Deed Restrictions II

From: RO
Sent: Monday, March 20, 2017 6:53 PM
To: [email protected]
Subject: Deed restrictions
Dear Dr. Block; After reading your recent email response to a question about deed restrictions on the LRC Blog (https://www.lewrockwell.com/lrc-blog/deed-restrictions/), I became concerned that the concept of “ownership” has to be distorted in order to defend deed restrictions. Ownership entails the following property rights: enjoyment, use, occupation, rental, sale or other form of alienation, or even destruction of a property, and the right to exclude others from the exercise of aforesaid rights. Deed restrictions contradict the idea of the enjoyment of something that’s owned. Wouldn’t a contract law judge be justified in invalidating a contract that contained a logical contradiction as a poorly-drafted contract whose language was too confusing to be enforced? After all, the property owner who doesn’t want anyone to wear yellow shirts on his property after he sells it has the alternative of establishing a trust to rent it out in perpetuity to only those who are willing to forego the wearing of yellow shirts.

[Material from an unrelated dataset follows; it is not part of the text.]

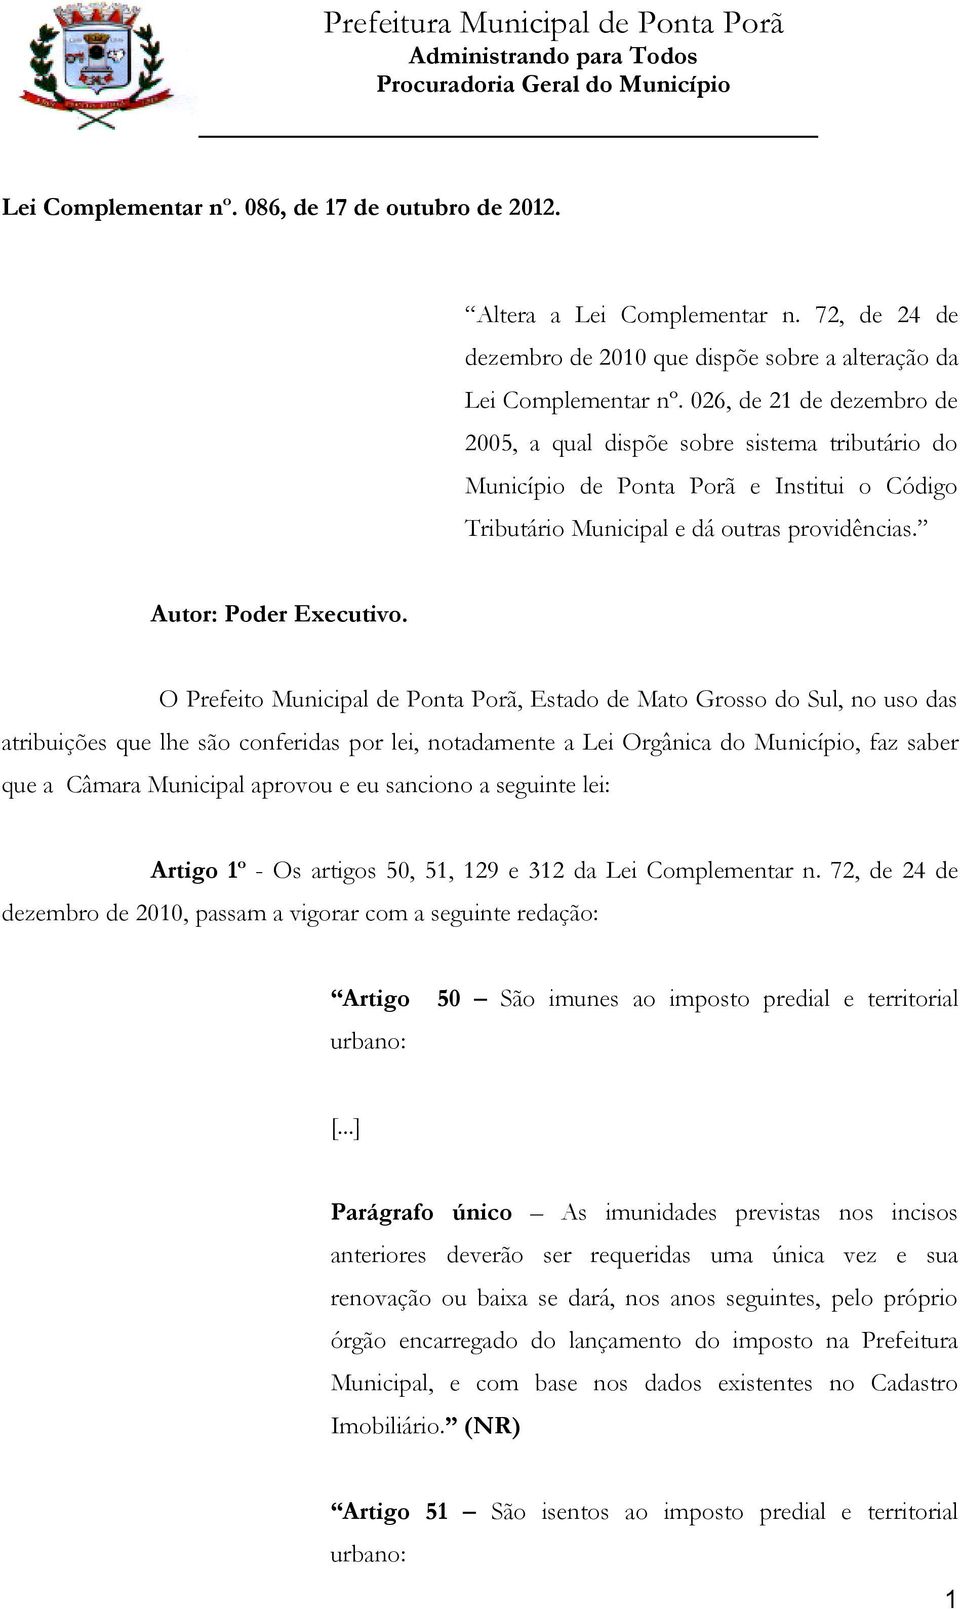 O Prefeito Municipal de Ponta Porã, Estado de Mato Grosso do Sul, no uso das atribuições que lhe são conferidas por lei, notadamente a Lei Orgânica do Município, faz saber que a Câmara Municipal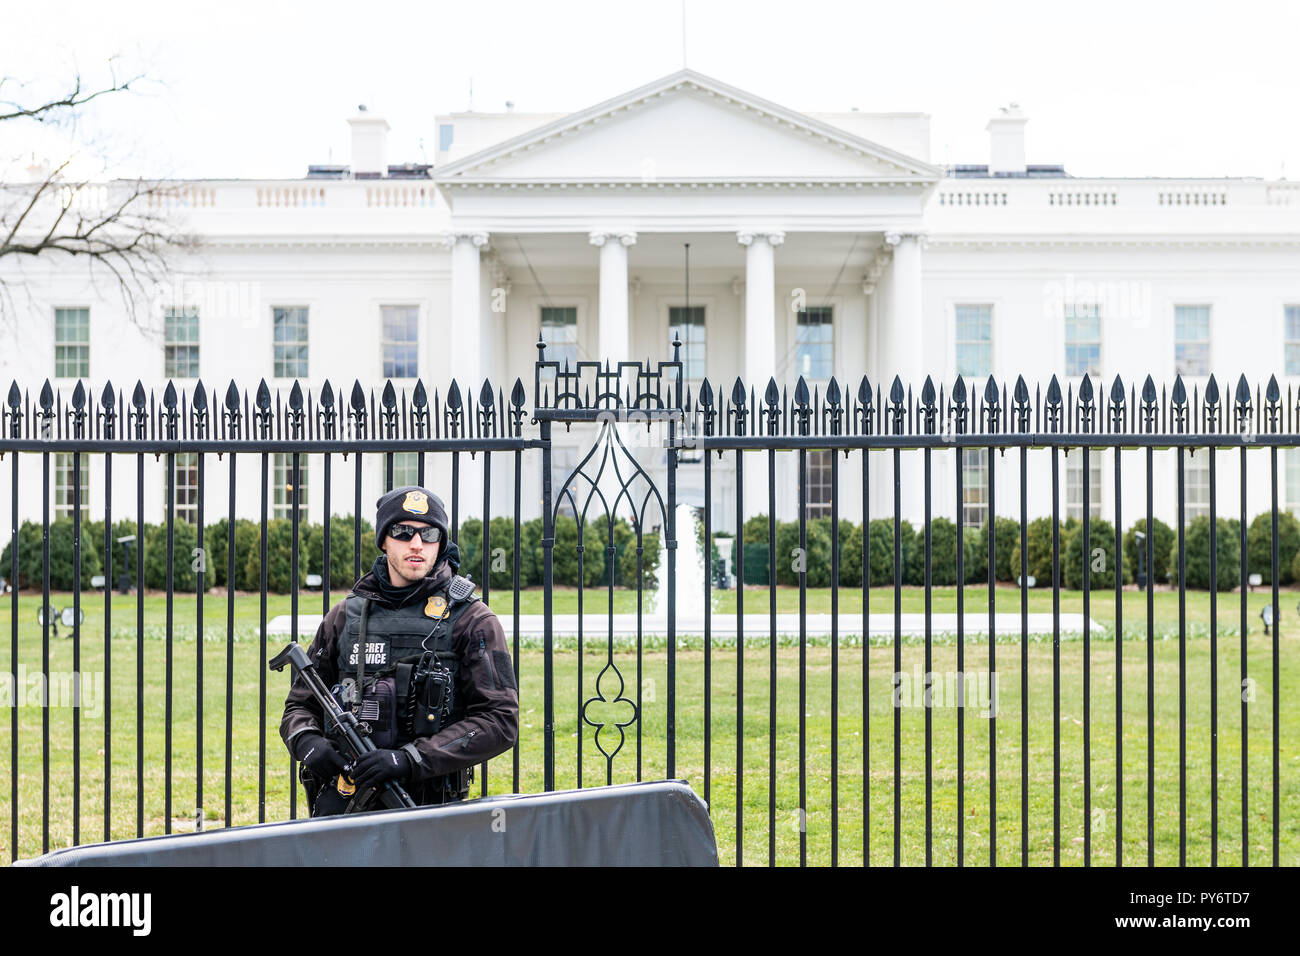 Washington DC, USA - 9 mars 2018 : Un Secret Service de sécurité, de la police garde l'homme debout, heureux les gens par le président de la Maison Blanche en construction Banque D'Images

Dear RO: The essence of your objection is that “Deed restrictions contradict the idea of the enjoyment of something that’s owned.” That is praxeologically impossible. Rather, “Deed restrictions support, or enhance, the idea of the enjoyment of something that’s owned.” Why else would anyone sign such a contract, other than to augment his enjoyment of his property? I join a condo association that prohibits certain types of behavior. Yes, that restricts me from engaging in that type of behavior, but, I wouldn’t do this in any case. I sign this deed restriction so that my neighbors may not do so, which I very much value. Suppose I have an abhorrence for the wearing of yellow shirts. I’m happy to sign on to a mutual restriction to be free of such noxious behavior. But, contracts like this are never in “perpetuity.” Usually, majority vote of the owners can overturn anything agreed upon. The dead hand of the past can’t rule property in the future if people no longer find yellow shirts problematic.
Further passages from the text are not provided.